Third, the district court dismissed the due-process and First Amendment claims, which focused on Plaintiff's discontent with the responses to her grievances, explaining that "there is no constitutional right to an administrative grievance system." Frantz, 2024 WL 775818, at *3; see Massey v. Helman, 259 F.3d 641, 647 (7th Cir. 2001) (for purposes of the Due Process Clause, "the existence of a prison grievance procedure confers no liberty interest on a prisoner."); Flick v. Alba, 932 F.2d 728, 729 (8th Cir. 1991) (per curiam) ("When the claim underlying the administrative grievance involves a constitutional right, the prisoner's right to petition the government for redress is the right of access to the courts, which is not compromised by the prison's refusal to entertain his grievance."); Gray v. Geo Grp., Inc., 727 F. App'x. 940, 948 (10th Cir. 2018) (following Flick).
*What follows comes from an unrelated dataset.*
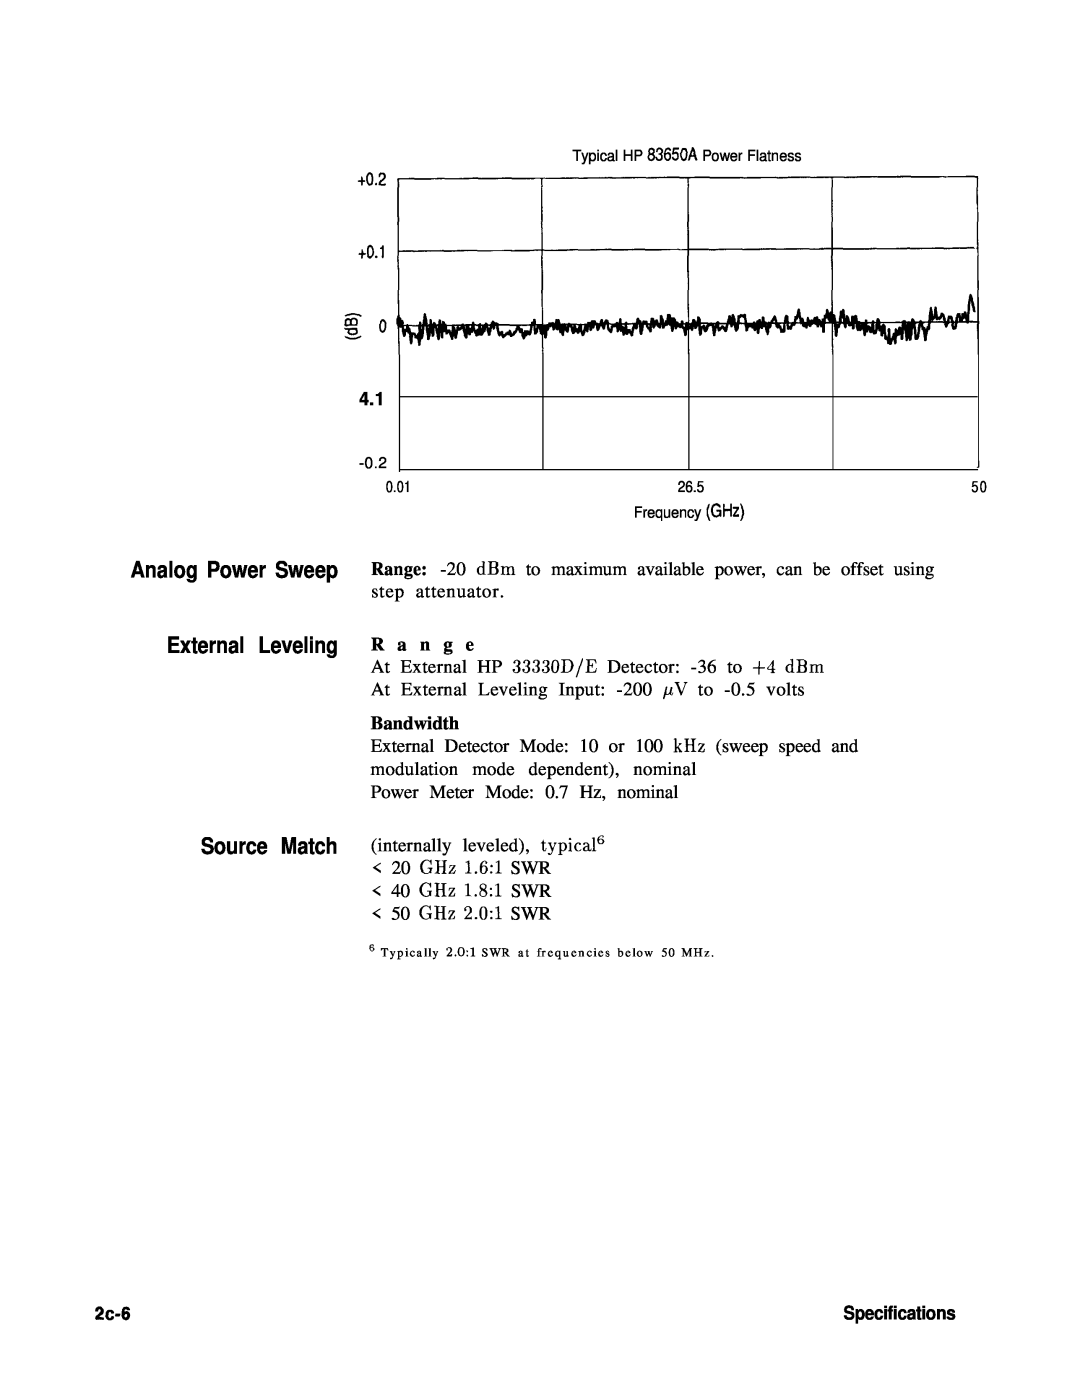 HP 24A, 83620A, 22A manual Analog Power Sweep External Leveling Source Match, R a n g e, Bandwidth, 2c-6

On appeal Plaintiff has failed to explain where the district court erred. See Nixon v. City &Cnty. of Denver, 784 F.3d 1364, 1366 (10th Cir. 2015) (first task of appellant is to explain why district court's decision was incorrect). Her brief simply repeats allegations in her complaint and makes conclusory, undeveloped assertions of law without making any effort to rebut the district court's reasoning.
Therefore, for substantially the same reasons set forth in the district court's order, we AFFIRM the dismissal of Plaintiff's action in its entirety. We DENY her request for appointment of counsel. We GRANT Plaintiff's motion to proceed in forma pauperis but remind her that she remains obligated to continue to make partial payments until the filing fee is paid in full.
[*] After examining the briefs and appellate record, this panel has determined unanimously that oral argument would not materially assist in the determination of this appeal. See Fed. R. App. P. 34(a)(2); 10th Cir. R. 34.1(G). The case is therefore ordered submitted without oral argument. This order and judgment is not binding precedent, except under the doctrines of law of the case, res judicata, and collateral estoppel. It may be cited, however, for its persuasive value consistent with Fed. R. App. P. 32.1 and 10th Cir. R. 32.1.